NEW JERSEY (WABC) -- New Jersey is entering the first phase of expanding education to include Universal Pre-K. It is viewed as critical to leveling the educational playing field and getting kids to start school earlier.
Seven states and many cities including New York already have universal programs.
The plan in New Jersey includes full-day programs for 4-year-olds. It focuses on smaller class sizes with one teacher and aide per class.
Gov. Phil Murphy visited a class of preschoolers at the Betty McElmon Elementary School on Thursday as they learned about colors.
The program in West Long Branch was among 27 school districts to receive funding to establish or expand high-quality preschool programs for kids.
The program started this week with 18 kids starting pre-K as the state expands the program with the hopes of one day having Universal Pre-K.

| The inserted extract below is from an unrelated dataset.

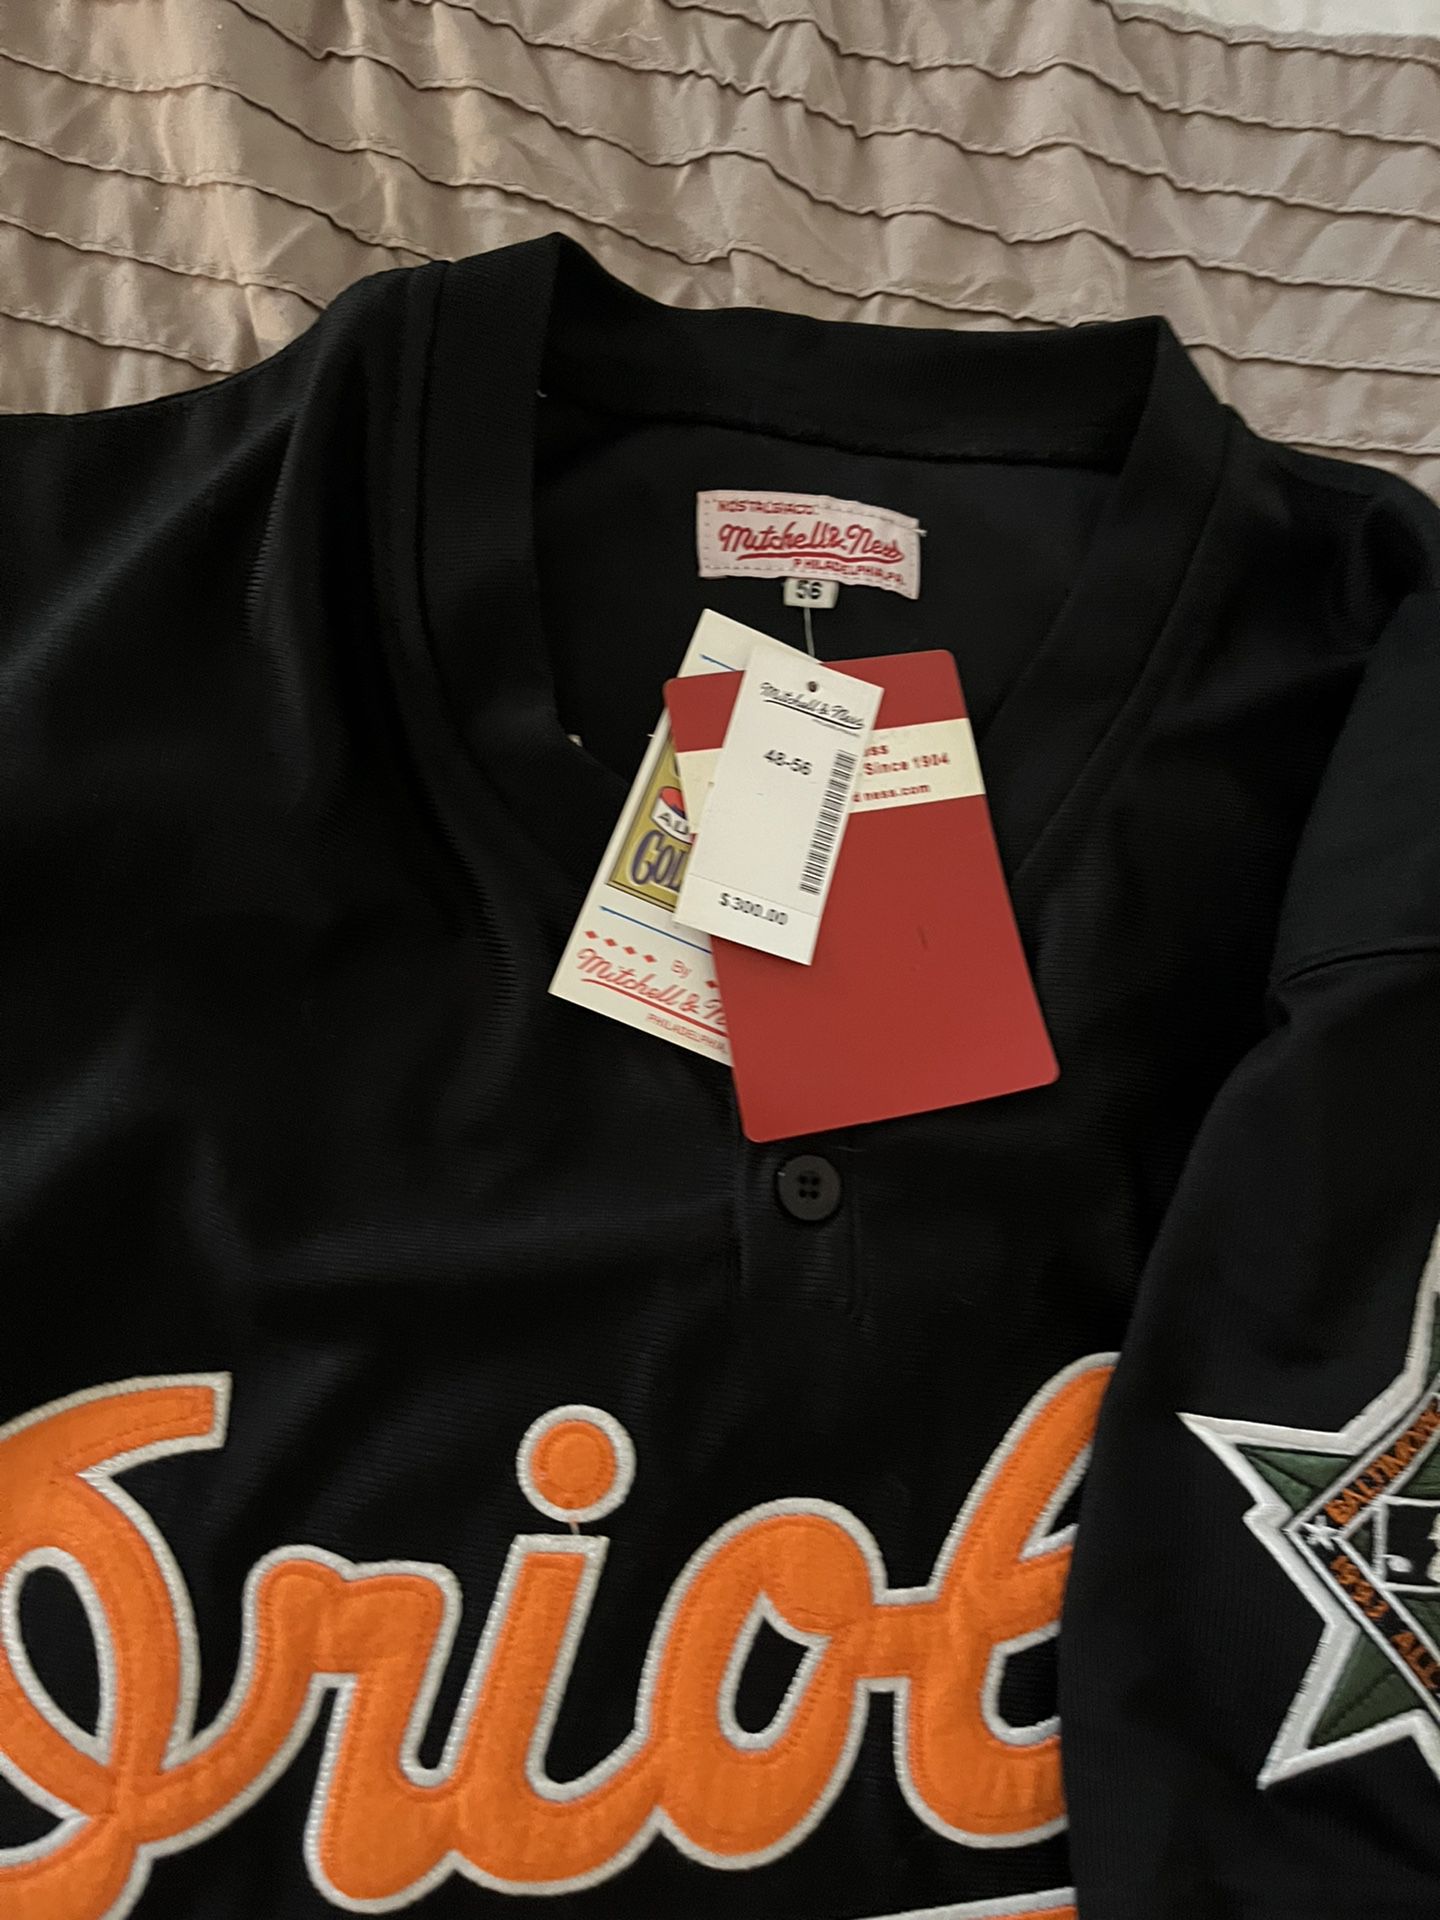 Orioles jersey for Sale in York, PA - OfferUp

The program has expanded statewide over the past five years with some $26 million set aside in the state budget to start early preschool programs.
There have been 18,000 students who have joined the early preschool program since Murphy took office.

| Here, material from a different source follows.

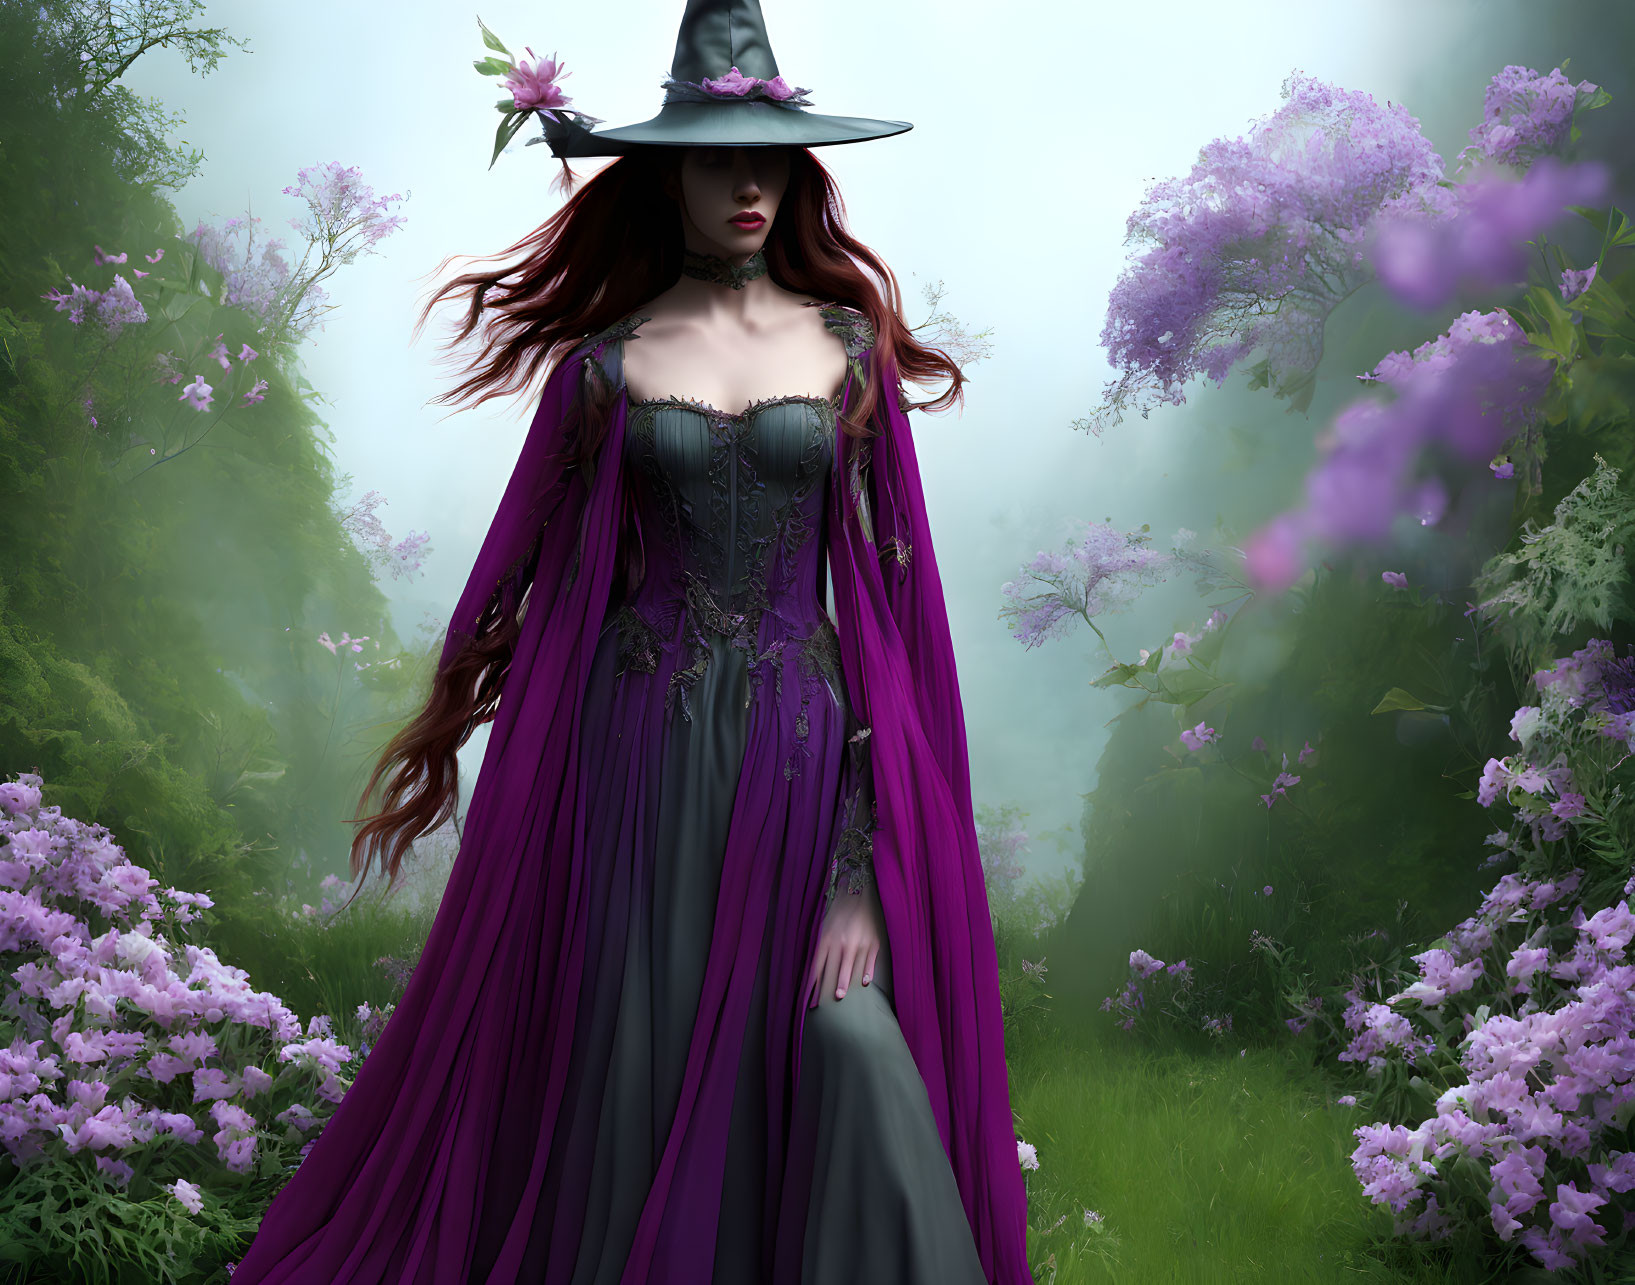 Woman in Purple Cloak and Hat Surrounded by Purple Flowers in Enchanted Forest

The state has an additional $14 million in the budget that paves the way for more school districts to being early preschool in January.
"There are countless benefits to providing a high-quality education to every preschool-aged child in our state, including making New Jersey a more affordable place to live for young, working families," said Governor Phil Murphy. "We have made significant strides in our effort to offer universal preschool throughout New Jersey and must continue to seek ways to achieve this critical objective. My administration will consider all possibilities as we move towards this goal and will continue to invest in preschool education so that more New Jersey children can have opportunities to succeed."